The book is powerful, provocative, and filled with eminently-arguable theses. (For example, in the foreword to the book, E.J. Dionne, while strongly praising Daly's work, take serious issue with him over his rather extensive claims regarding the influence Catholic and social democratic thought had on the New Deal.) So let me pick out one of the book's many strands of thought: leaving aside the question of just how one determines in the first place the extent and nature of the egalitarian support which social justice demands the poor receive to enable them to be full-fledged members of the community, what does Daly have to say about the role (and the inter-relationship) which church's, local communities, and the central state have in providing such justice?
In what I thought to be a particular insightful section of the book, Daly reflects upon the mid-1900s rediscovery of "social capital" as a term of analysis when thinking about community. About this, he writes:
John DiIulio and other social scientists have made significant efforts to [consider the role of religious providers in terms of social capital]. [Robert] Putnam himself...[has] argued that "nearly half of America's stock of social capital," as measured by membership, philanthropy, and volunteerism, "is religious or religiously affiliated." Or, as John DiIulio terms it, roughly half of our social capital is really "spiritual capital." Yet when Putnam specifies that "houses of worship" spend $15-20 billion annually on social services, it should also be clear that the scale of spiritual capital (at least by this one measure of involvement) barely touches the magnitude of social needs: $15-20 billion equals approximately $350 annually for every person near or below the poverty line as of 2007. In gross comparative terms, the total spiritual capital of the nation amounts to less that 20 percent of the total "poverty gap" in the United States--the amount by which impoverished people fall below the poverty line, which totaled $107 billion in 2001. This is to say nothing of the tens of millions of people who live near the poverty line on low-wage pay or go through their days only one medical crisis or one corporate merger away from plunging downward to the bottom rungs of the income ladder....
[E]ven if the "faith factor" is definitively proven [to be effective in responding to the needs of poor individuals and families] with further comprehensive research (perhaps leading politicians to prioritize faith-based services beyond current efforts to "level the playing field"), this does nothing to rectify what is obviously a more fundamental problem: the deficient scale of faith-based welfare (indeed of all welfare combined) in a country with growing poverty and increasing downward wage pressures affecting tens of millions of households above the poverty line....What social assistance should accomplish and by what means, and how the cost should be borne, assuming that more should be done, is...a larger question, not just of welfare policy, but of "public purpose," or what [Abraham] Kuyper and his scattered American followers call "public justice" (pp. 190-191).

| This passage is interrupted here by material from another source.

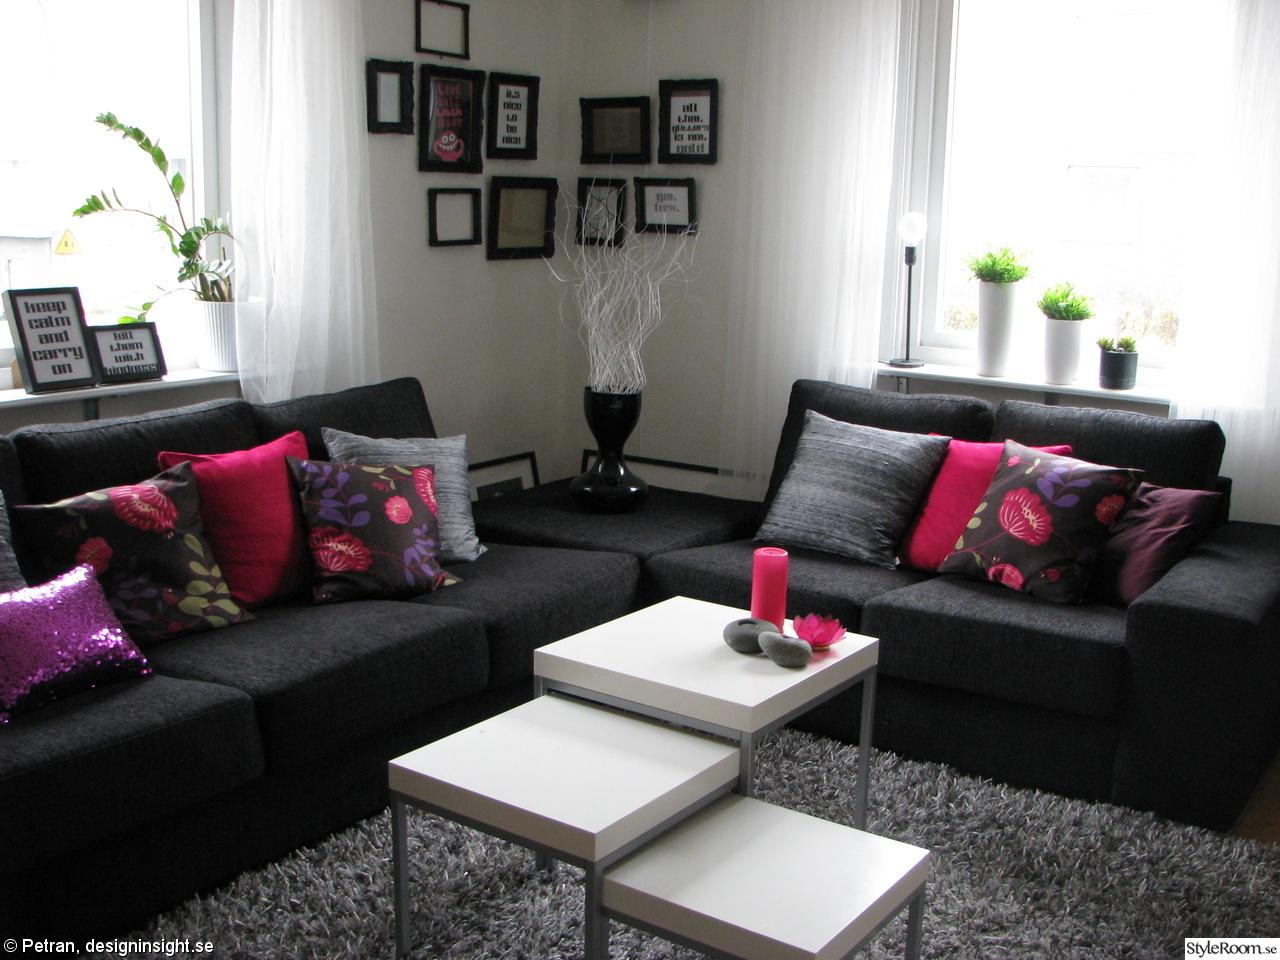 Vardagsrum,soffa,ramar,matta,rya,grå,svart,kuddar,färg

Public justice calls for more and better aid to be given to the suffering among us, but it cannot (and, speaking both realistically and politically, will not) be given along convention welfare state lines. I would argue that the long and not-yet (perhaps never-to-be) concluded debate over paying for and providing health care in the United States is a fine example of such: despite many serious attempts to introduce more localism or more communitarianism (or both) into the reforms proposed, in the end the result was perhaps predictable from the beginning: a merging of state and corporate power to accomplish much needed, but still philosophically regrettable, ends. What will have to happen to truly expand upon the vision of faith-based initiatives--the vision of Christian aid being sufficient to satisfying both the human and the communal needs of all needy people in any given polity--is a "re-engineering of the [whole] social safety net along pluralist lines....from the perspective of families and communities, and from a religious perspective, restricting the state while ignoring what is happening in society is not genuine pluralism but simply a faith-based alliance with liberal anti-statism" (pp. 192-193). Seeking to cut back on welfare, and encouraging--whether legally or monetarily or both--churches to take up the slack, while not seeking at the same time to seriously repair a socio-economic order which continues to prize an ultimately unforgiving and rapacious individualism above all, is no way to be true to principles which God calls the believer. A more comprehensive approach to welfare--what Daly calls, in reference to many policies which exist in Western European states, "Christian Democratic welfare policy"--is what is needed: a welfare policy that orients the whole of society, in its many different (and much in need of defense!) parts, around a common restorative goal. To quote Daly again:
Put simply, the faith-based initiative embodies a pluralist vision of societal restoration, based on legal recognition of the real personality of social groups--most importantly families and their churches and communities--coupled with requisite public provisioning for their security and special needs if this autonomy is infringed or reduced by other centers of power, whether public or private. In its fullness this vision encompasses a mandate of stopping or mitigating the impact of all institutions or organized powers that threaten the "tie-beams and anchors of the social structure," or "God-willed community," as Kuyper put it (pg 193).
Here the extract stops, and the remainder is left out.